What is Liberation Theology? It is a movement that worships and proclaims a “let-my-people-go" Jesus. It follows the Bible’s Old Testament stories of God liberating His people from oppressors and teaches that Jesus’ purpose is the same.
This denies hard, Bible truth: Jesus Christ did not come to set the Jewish people free from Roman oppression. He did not preach “Let my people go.” Here is what Christ said to His disciples: “My kingdom is not of this world. If My kingdom were of this world, My servants would fight, so that I should not be delivered to the Jews; but now My kingdom is not from here.” (John 18:36)
Nor did Christ come to be the liberator of the poor. Here is what Jesus Christ said regarding the poor: “For ye have the poor always with you; but me ye have not always,” (Matthew 26:11)

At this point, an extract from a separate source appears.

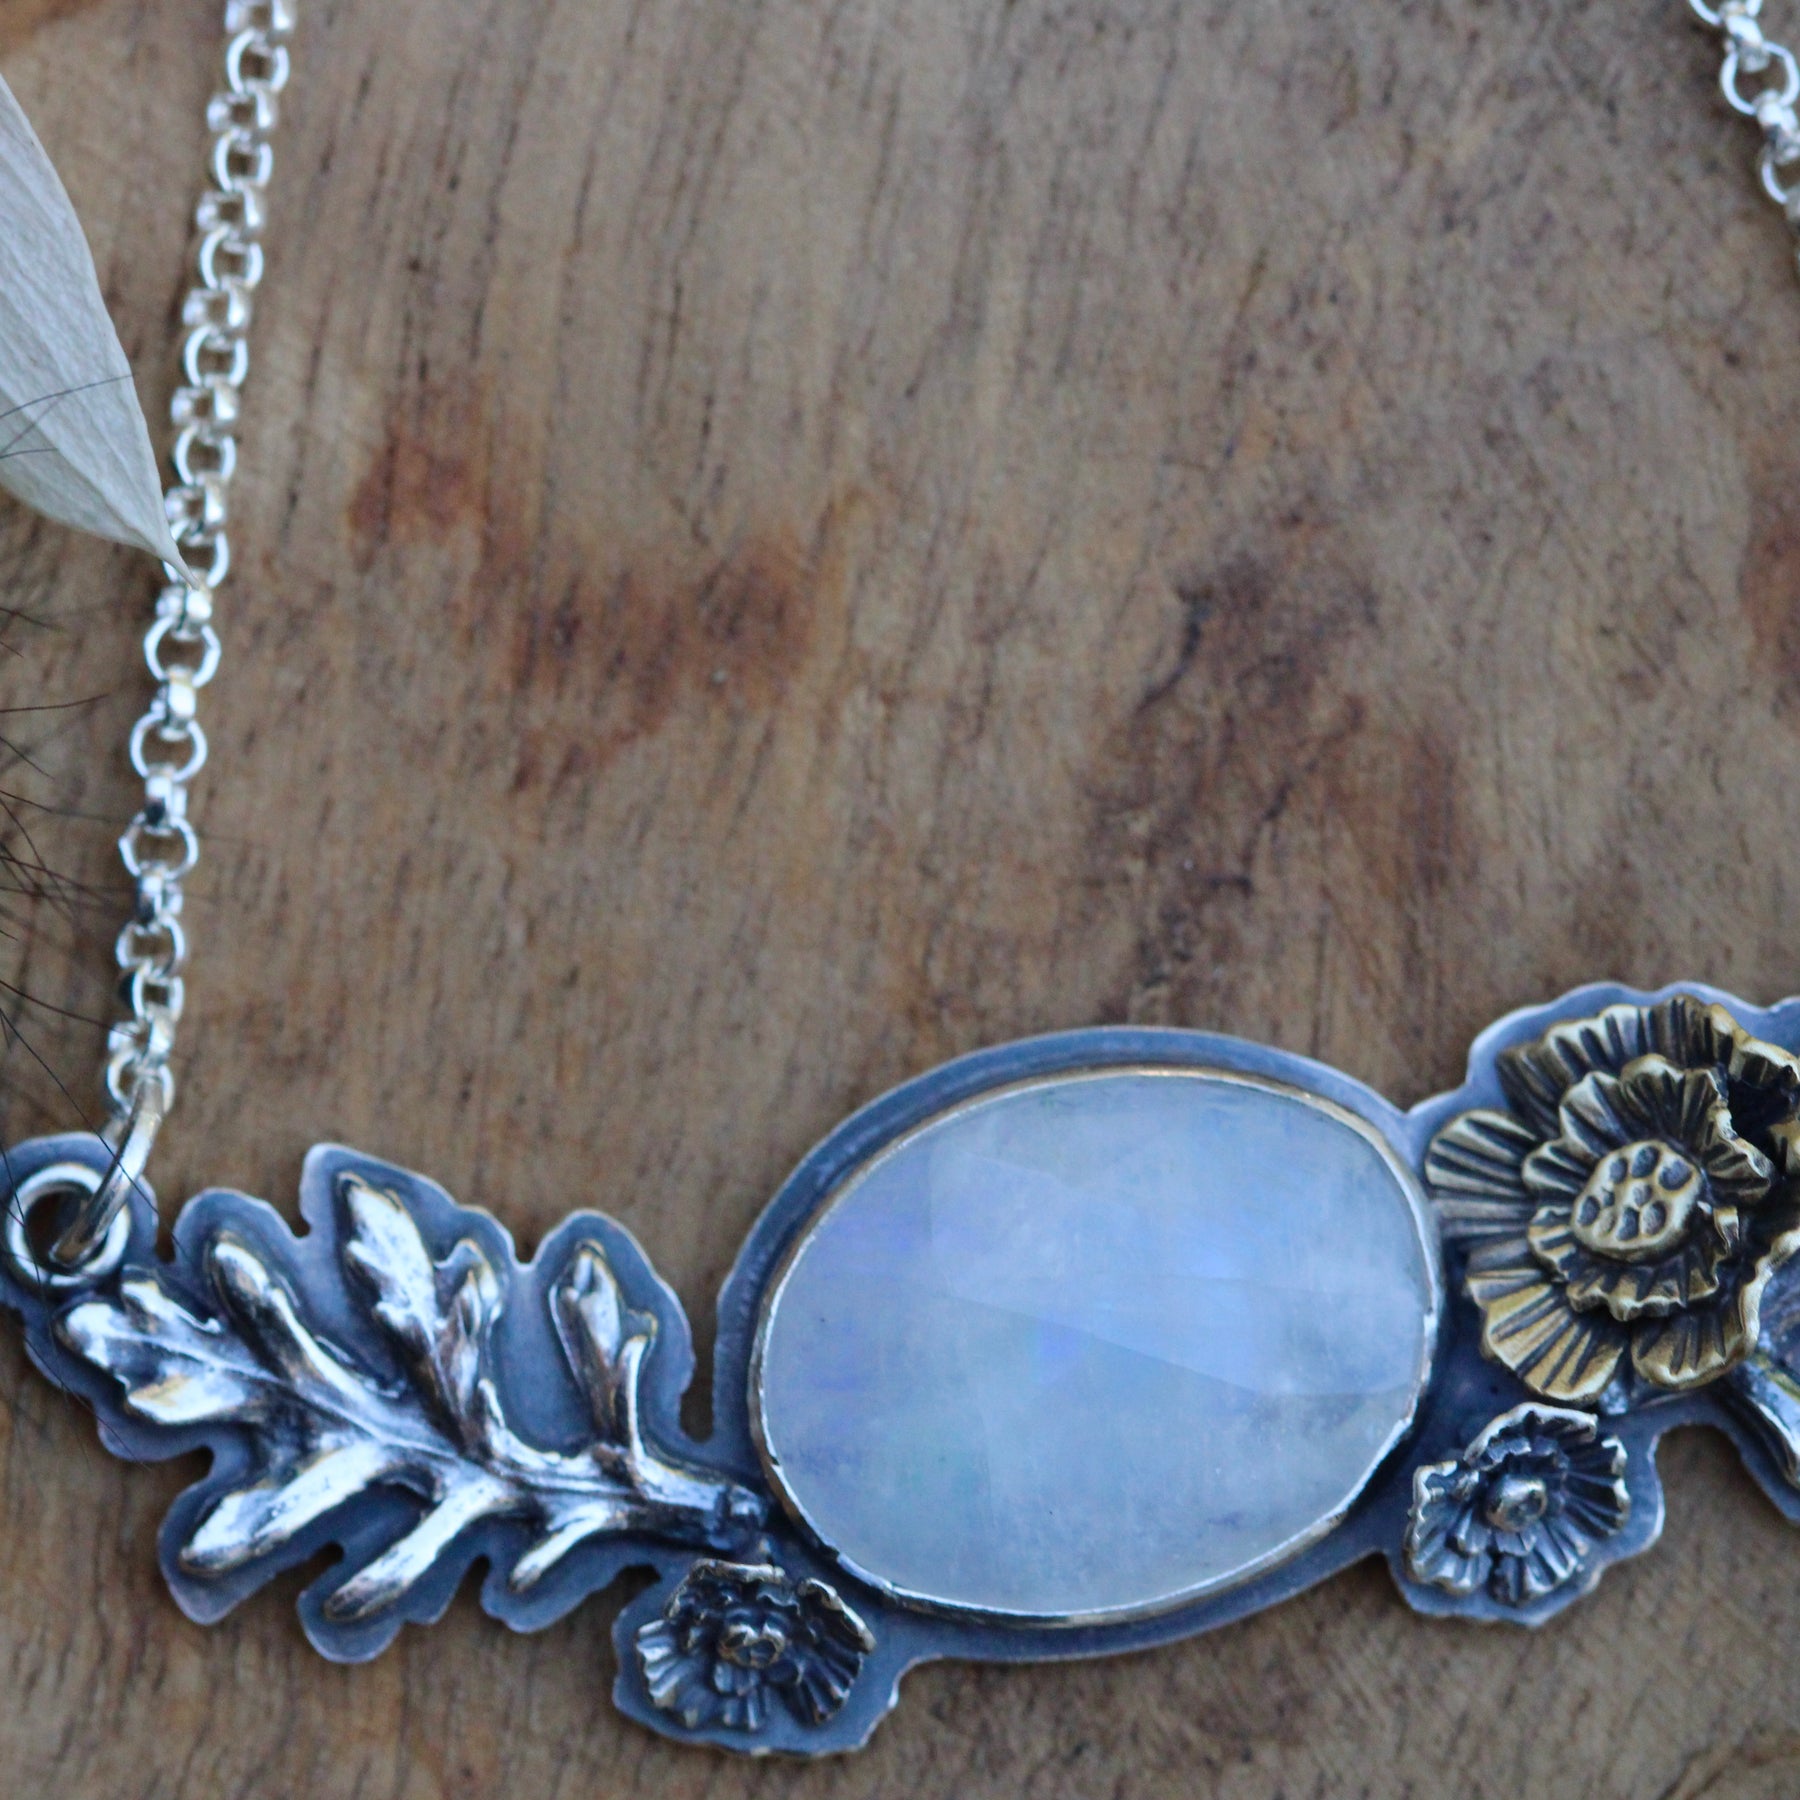 Clearance Sale Wildflower wanderings Moonstone and poppies necklace
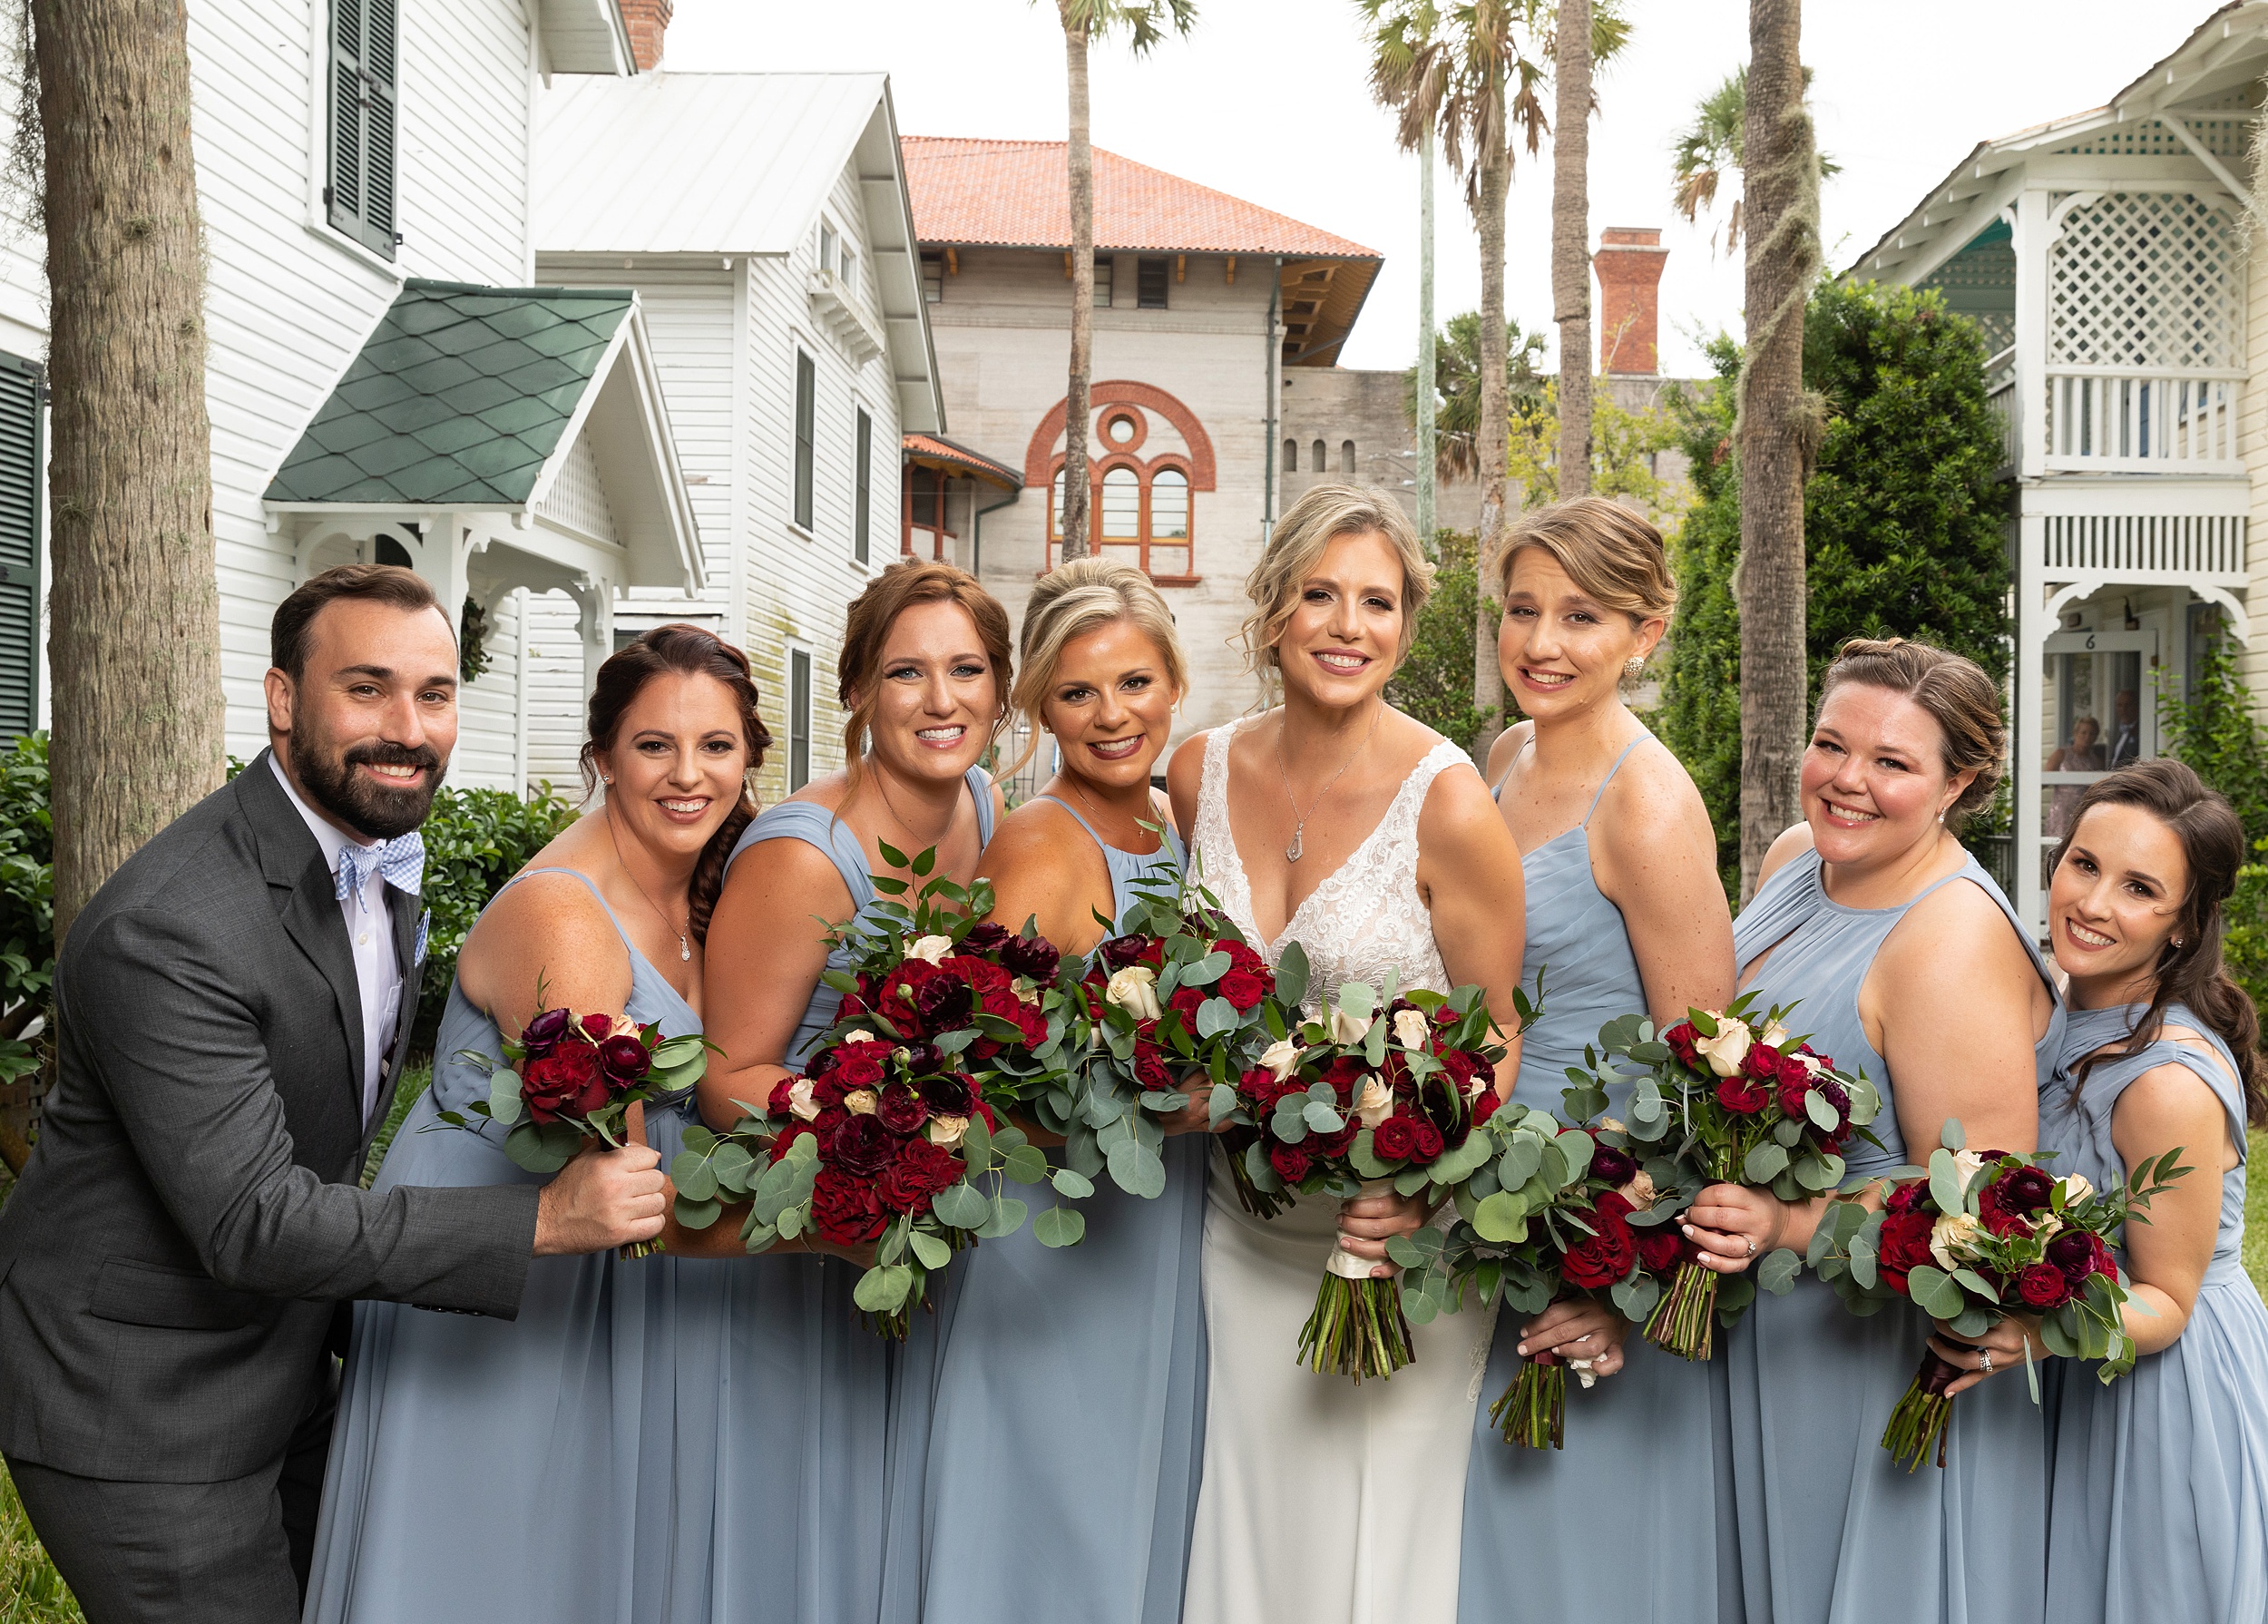 A bride stands outside holding her bouquet with her bridesmaids in blue dresses

Wright’s Liberation Theology is proclaimed to be about reconciliation and, no doubt, reparations as well. This is a theology that is bound to historical events as opposed to the promise of eternity. It is the taking of the Sermon on the Mount and making it a legal document. In truth, Christ’s Sermon on the Mount teaches that His admonitions are not possible until his second coming. Contrary to Christ, “Liberation Theology” would have us bring back the law.
Joseph Cardinal Ratzinger (now, Pope Benedict) has delineated the fallacy of this false prophesy as being nothing more than class conflict. It is the making of Christianity into a conflict, which must be atoned through socialism. It is anti-Christian. Socialism, after all, is the beginning of worldly tyranny.
Ratzinger wrote the following preliminary note on Liberation Theology:
III. Central concepts of liberation theology
So we have arrived at the basic concepts of the new interpretation of the Christian reality. Since the individual concepts occur in different contexts, I will simply discuss them one after another, without any systematization. Let us begin with the new meaning of faith, hope and love. Concerning faith, one South American theologian says, for instance, that Jesus' experience of God is radically historical. "His faith is transformed into fidelity." Thus faith is fundamentally replaced by "fidelity to history". Here we see that fusion between God and history which makes it possible to keep the Chalcedonian formula for Jesus, albeit with a totally changed meaning: it is clear that the classical tests for orthodoxy are of no avail in analyzing this theology. It is asserted "that Jesus is God, but it is immediately added that the true and only God is he who reveals himself historically and as a stumbling block in Jesus, and in the poor who prolong his presence. Only the person who holds together these two affirmations is orthodox."
Hope is interpreted as "confidence in the future" and as working for the future and thus is subordinated once more to the history of class conflict.
Love consists in the "option for the poor"; i.e., it coincides with opting for the class struggle. In opposition to "false universalism"'; the liberation theologians emphasize very strongly the partiality and partisan nature of the Christian option; in their view, taking sides is the fundamental presupposition for a correct hermeneutics of the biblical testimony. Here, I think, one can see very clearly that amalgam of a basic truth of Christianity and an un-Christian fundamental option which makes the whole thing so seductive: The Sermon on the Mount is indeed God taking sides with the poor. But to interpret the "poor" in the sense of the marxist dialectic of history, and "taking sides with them" in the sense of the class struggle, is a wanton attempt to portray as identical things that are contrary.
The fundamental concept of the preaching of Jesus is the "Kingdom of God". This concept is also at the center of the liberation theologies, but read against the background of marxist hermeneutics. According to one of these theologians, the Kingdom must not be understood in a spiritualist or universalist manner, not in the sense of an abstract eschatological eventuality. It must be understood in partisan terms and with a view to praxis. The meaning of the Kingdom can only be defined by reference to the praxis of Jesus, not theoretically: it means working at the historical reality that surrounds us in order to transform it into the Kingdom.